SXSW FILM FESTIVAL 2024 REVIEW! Dandelions is a brave and deeply personal documentary from writer-director Basil Mironer. What do you do if you have a family you never knew about in a different country? This question propels the filmmaker to embark on a journey of discovery to the country he emigrated from, Russia. Accompanied by his brother Ben and friend Flavia, Mironer uses various digital video cameras to chart their travelogue.

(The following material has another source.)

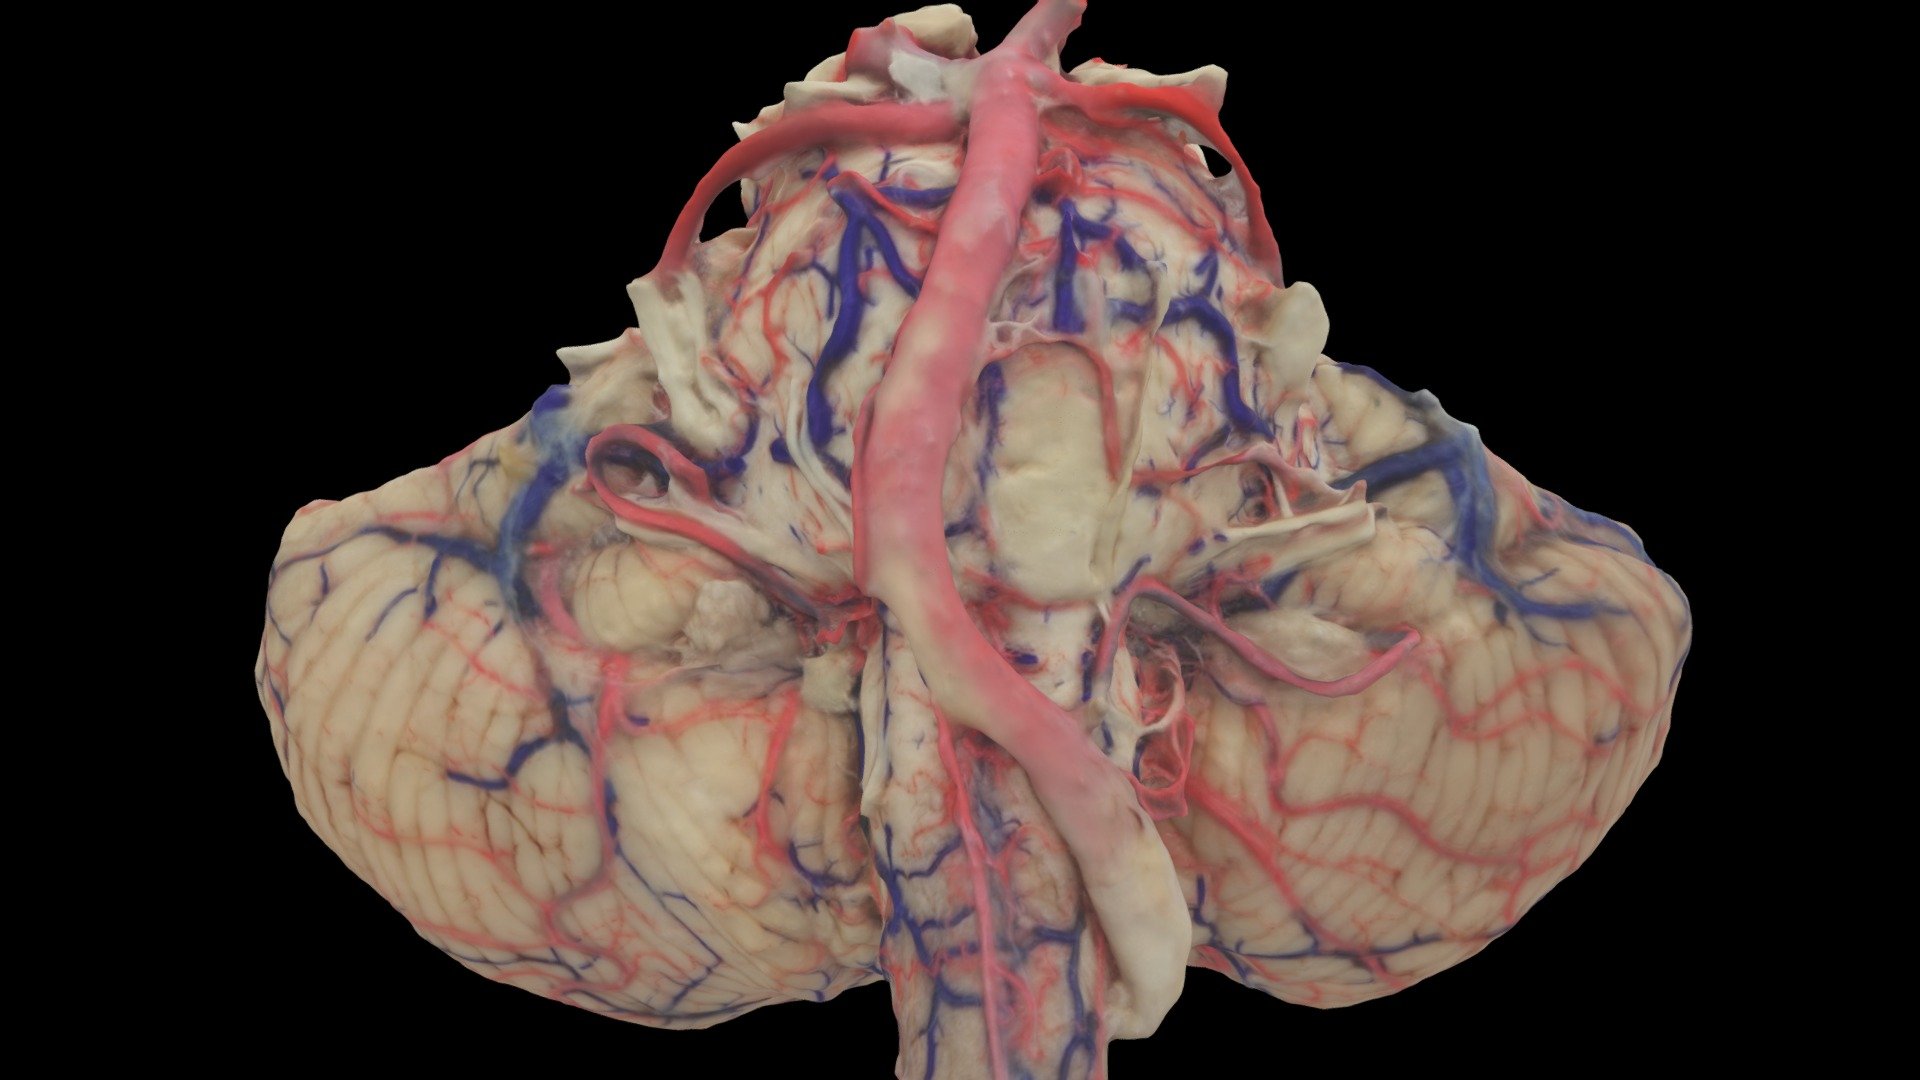 Brainstem with cerebellum

The movie is fantastically edited. Spliced home movies with CRT damage blend into a smooth stream of digital footage, with snapshots of Mironer using a still-shot camera. The documentary is entirely lit with natural light and, having been shot in the summer, is sun-drenched in both California and Moscow. Taking its name from one of Mironer’s favorite childhood memories, the picture not only presents new experiences for the family but also connects the director with memories he holds onto from childhood. He remembers a Dacha – country house – where he and his grandmother blew dandelions on a summer’s day.

In meeting his half-siblings Nikolai and Liza, many questions arise. As both direct cinema and an autobiographical documentary, this film does not flinch from chronicling the awkward, uneasy moments of adult siblings encountering each other after a lifetime apart. Even so, there is much joy to be had at the family reunion. The big smiles and the laughs over dinner call to mind the bygone days when my family was alive, and occasionally, I would meet relatives I had only ever heard of. Similarly, the filmmaker is coming to see family he only has some distant memories of being with, and his brother has never met. Dandelions is such a sweet documentary in that way.

In meeting his half-siblings Nikolai and Liza, many questions arise.”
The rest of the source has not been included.